AVAILABLE DATA —
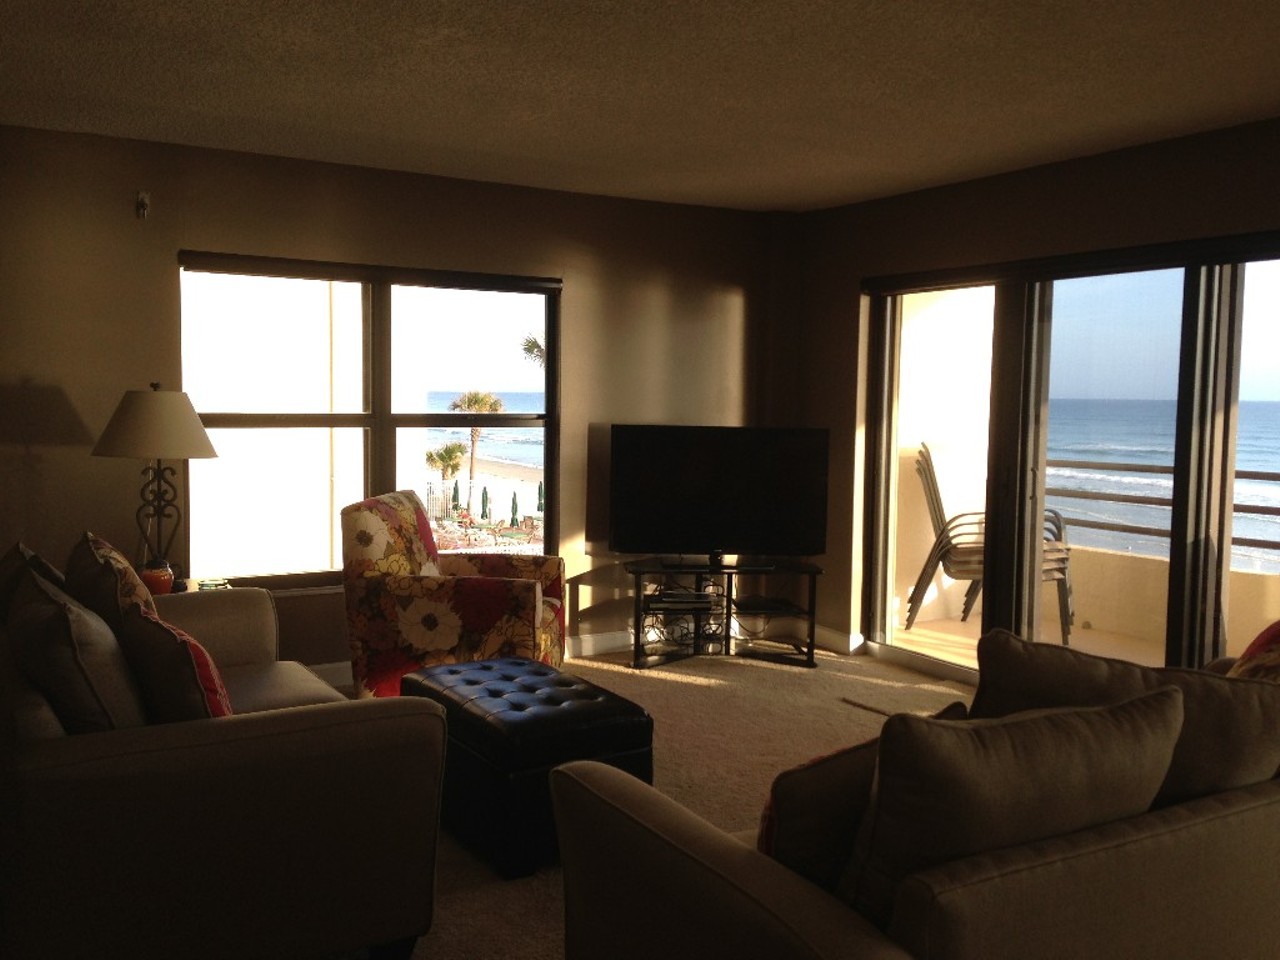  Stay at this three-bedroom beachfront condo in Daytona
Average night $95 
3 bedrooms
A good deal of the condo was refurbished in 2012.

* * *

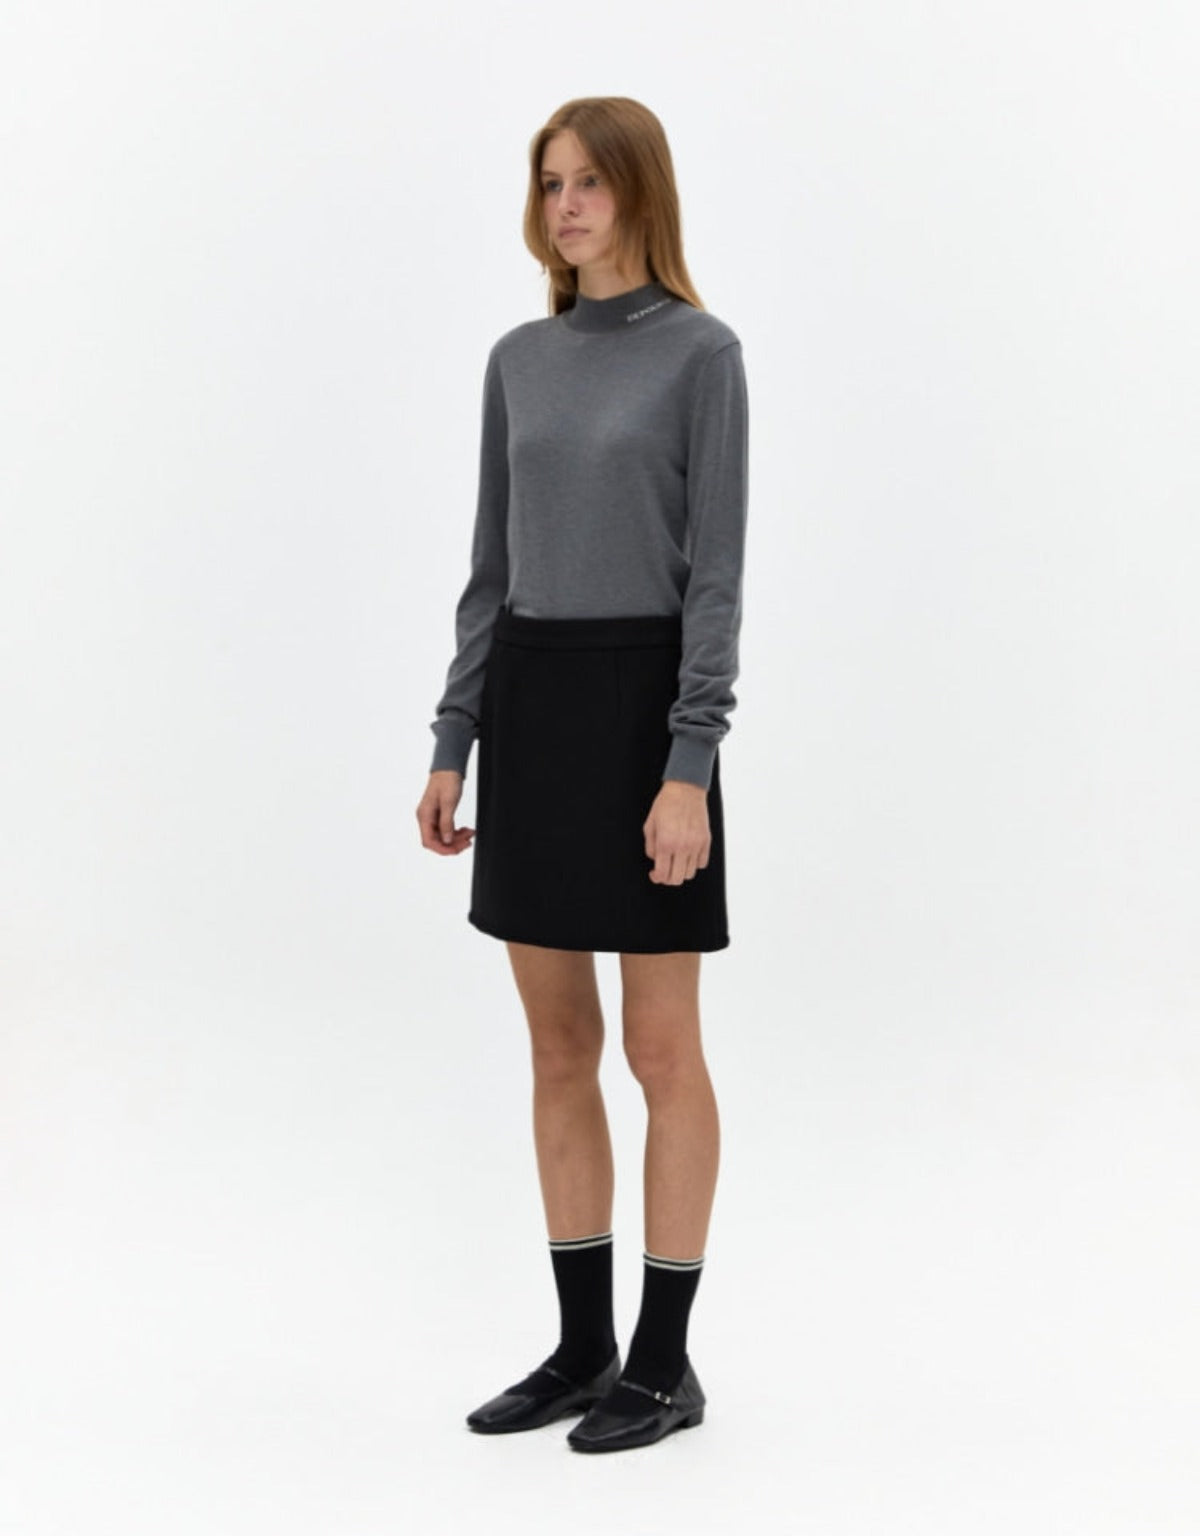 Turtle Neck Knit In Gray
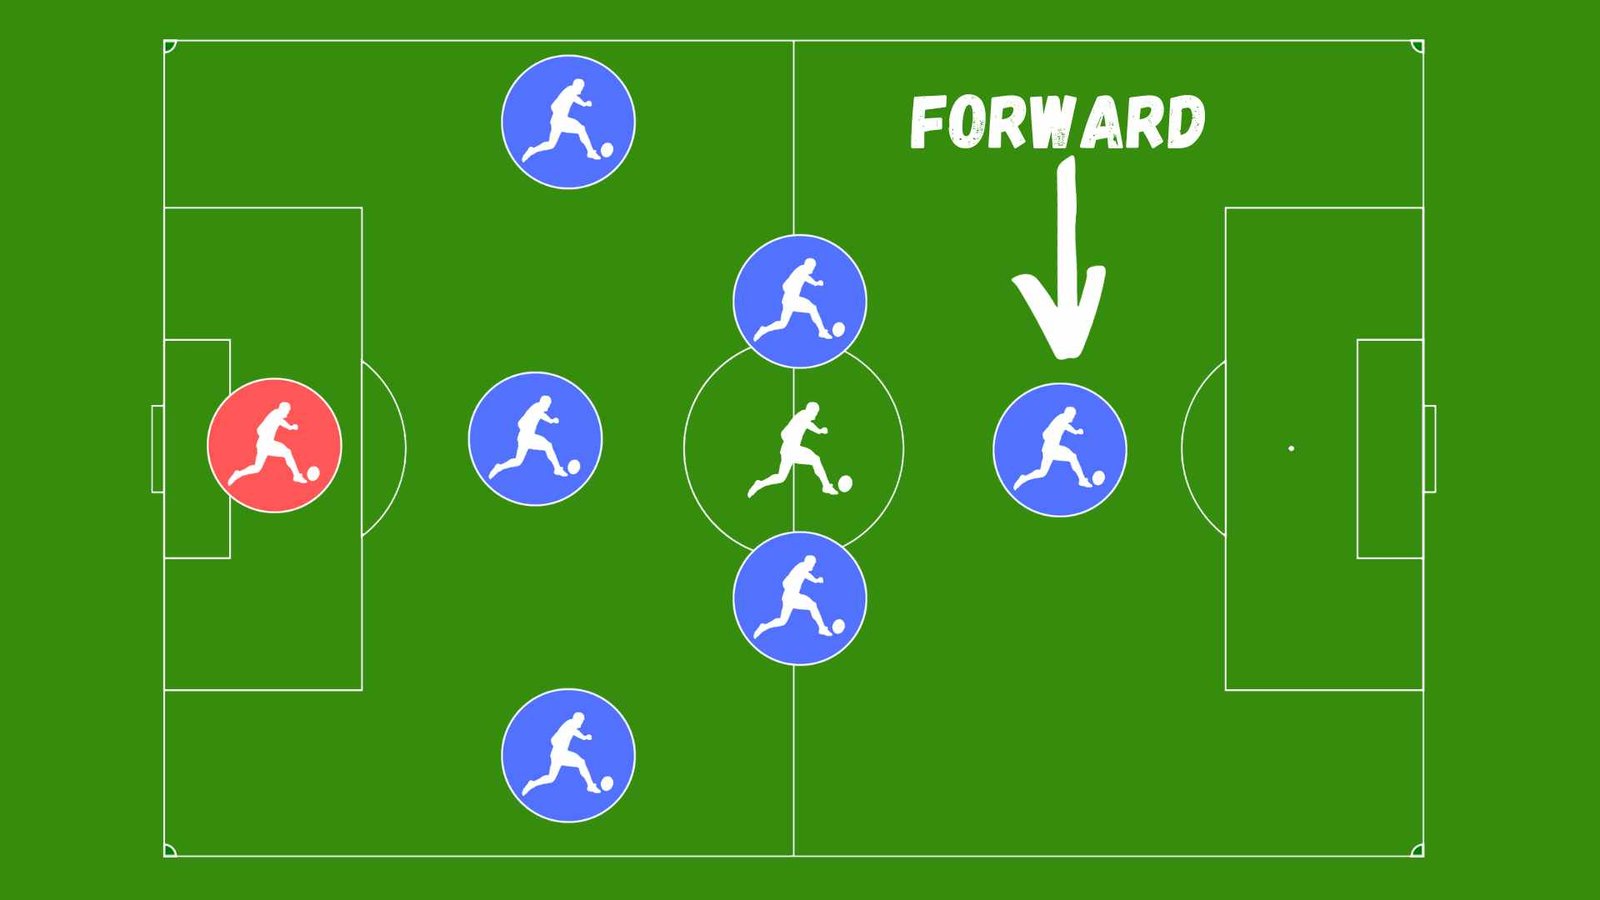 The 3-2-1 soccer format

...

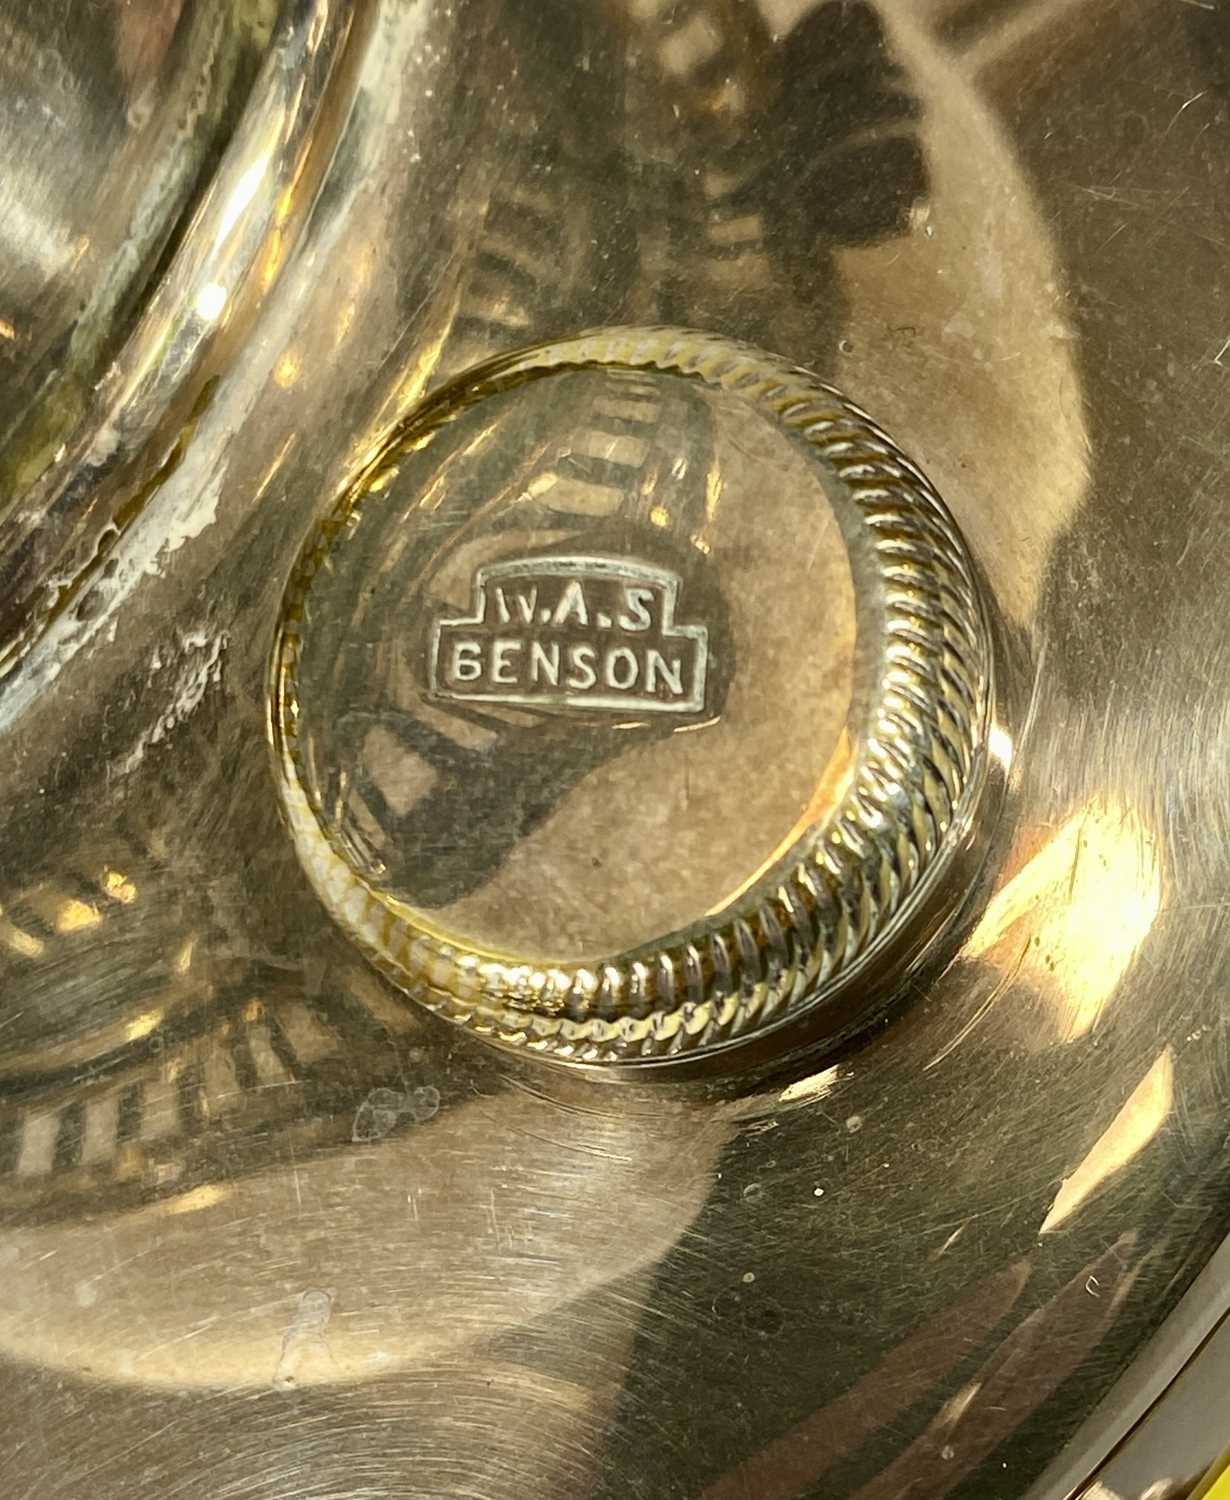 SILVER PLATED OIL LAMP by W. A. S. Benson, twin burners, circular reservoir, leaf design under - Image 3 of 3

WORK REQUIRED —
Extract the part of the records that opens with the line containing "Stay at this" and closes with the line containing "A good deal". Take only those lines, exactly, and no pictures.

RESPONSE AREA —
  Stay at this three-bedroom beachfront condo in Daytona
Average night $95 
3 bedrooms
A good deal of the condo was refurbished in 2012.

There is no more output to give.